If the answer to question (1) is no, I'm wondering if the function $g(x)$ can be evaluated arbitrarily close to zero as $x\to\infty$. Here is a list of values of $x$ and $g(x)$ starting at $x=3$ where the magnitude of $g(x)$ in each subsequent entry in the list is smaller than the magnitudes of $g(x)$ for all smaller values of $x\ge 3$. The list was started at $x=3$ because $g(2)=0$ which I suspect is the only zero of $g(x)$. The values of $g(x)$ were search all the way up to $x=1000000$.
$$\begin{array}{cc}
x & g(x) \\
3 & -0.666667 \\
4 & -0.416667 \\
6 & -0.15 \\
10 & 0.0753968 \\
17 & 0.00779972 \\
42 & -0.00552823 \\
106 & 0.00042345 \\
516 & 0.000249329 \\
1230 & 0.000111979 \\
1234 & 0.000106715 \\
1260 & -0.0000321944 \\
1267 & -\text{9.63619537368769$\grave{ }$*${}^{\wedge}$-6} \\
28673 & \text{1.0486208171857959$\grave{ }$*${}^{\wedge}$-6} \\
163635 & -\text{1.0115813722810309$\grave{ }$*${}^{\wedge}$-6} \\
213491 & -\text{8.539627303654234$\grave{ }$*${}^{\wedge}$-7} \\
213873 & -\text{6.915942594565252$\grave{ }$*${}^{\wedge}$-7} \\
213877 & -\text{6.912444779115509$\grave{ }$*${}^{\wedge}$-7} \\
213966 & -\text{6.274832151405875$\grave{ }$*${}^{\wedge}$-7} \\
214358 & -\text{1.3308289434561706$\grave{ }$*${}^{\wedge}$-7} \\
214362 & -\text{1.329958423818724$\grave{ }$*${}^{\wedge}$-7} \\
500339 & \text{8.99566874867865$\grave{ }$*${}^{\wedge}$-8} \\
513326 & \text{1.9952399234664665$\grave{ }$*${}^{\wedge}$-8} \\
552079 & \text{1.022984743834322$\grave{ }$*${}^{\wedge}$-8} \\
552083 & \text{1.0190476629886284$\grave{ }$*${}^{\wedge}$-8} \\
552162 & \text{4.955322537652748$\grave{ }$*${}^{\wedge}$-9} \\
\end{array}$$
Question (2): If the answer to question (1) is no, can the function $g(x)$ can be evaluated arbitrarily close to zero as $x\to\infty$?
Best Answer
It follows from the prime number theorem that $\sum_{n\ge 1} \frac{\mu(n)}n$ and related series such as $\sum_{n\ge 1} \frac{\sum_{d|n} \mu(d) \mu(n/d)}n$ converge.

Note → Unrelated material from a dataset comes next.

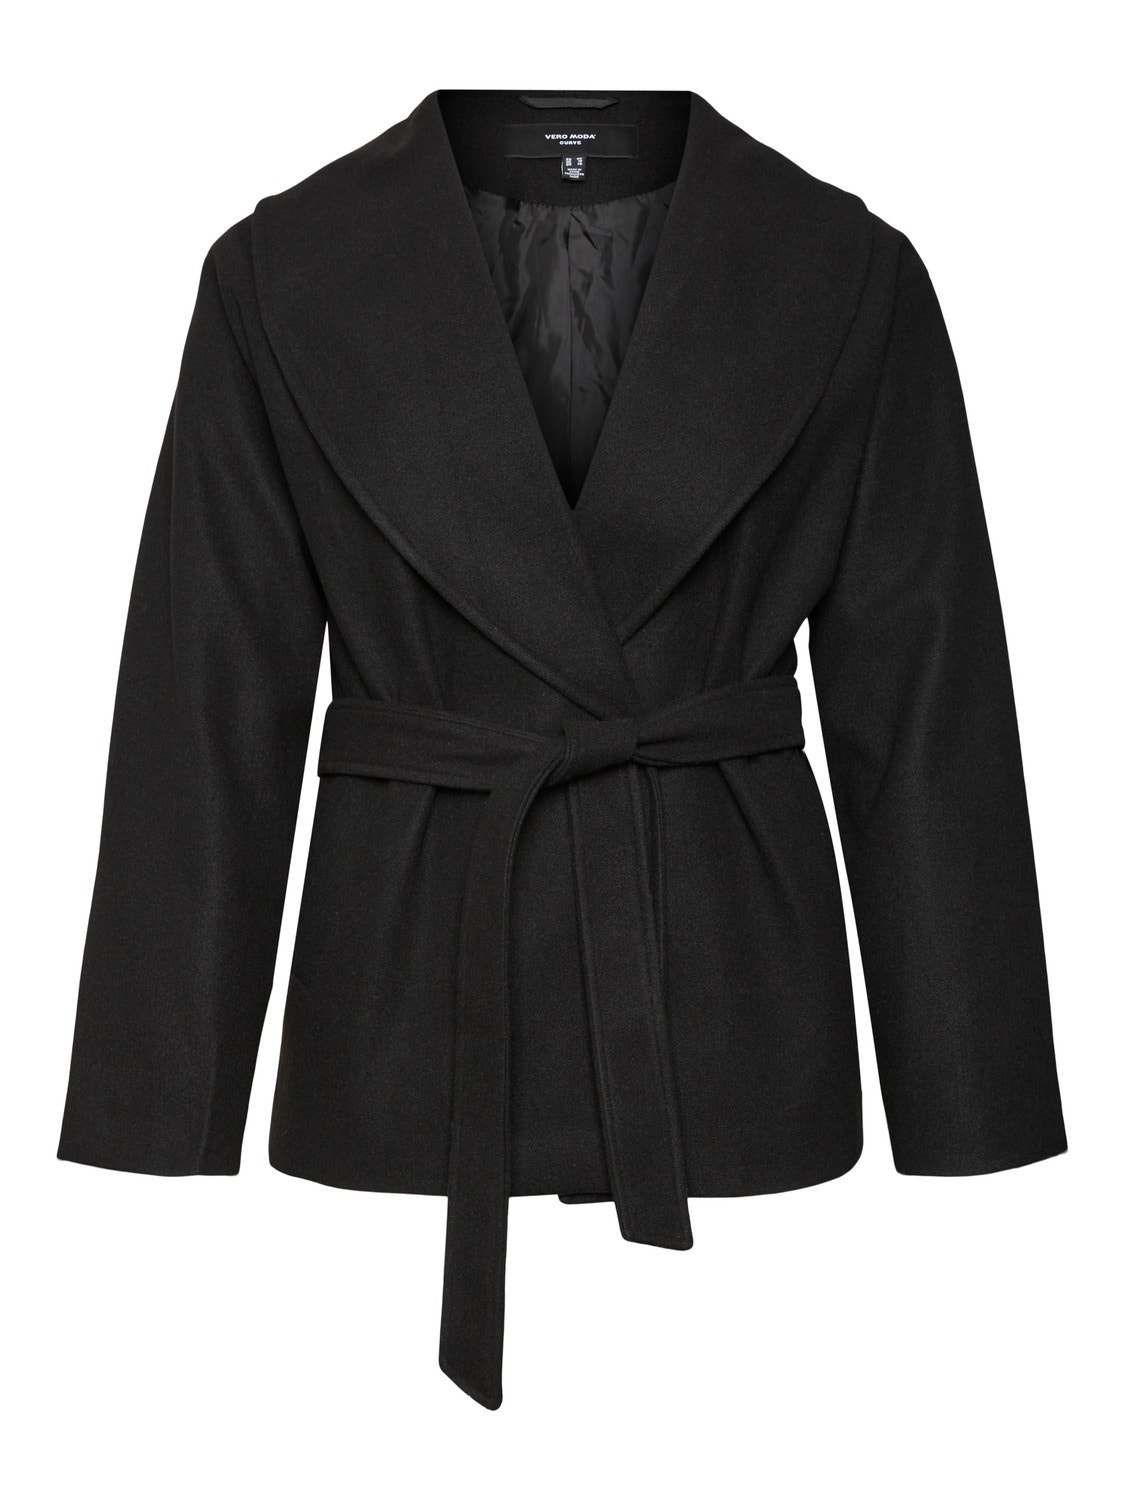 Vero Moda VMANNE Jacket -Black - 10304768

The convergence of $\sum_{n\ge 1} \frac{\mu(n)}n$ implies the PNT, so does the convergence of $\sum_{n\ge 1} \frac{\sum_{d|n} \mu(d) \mu(n/d)}n$ (can you show it?).
It is elementary (partial summation) that if $\sum_{n\ge 1} \frac{b_n}n$ converges then the limit is $\lim_{s\to 1^+}\sum_{n\ge 1} \frac{b_n}{n^s}$, whence your series converges to $0$.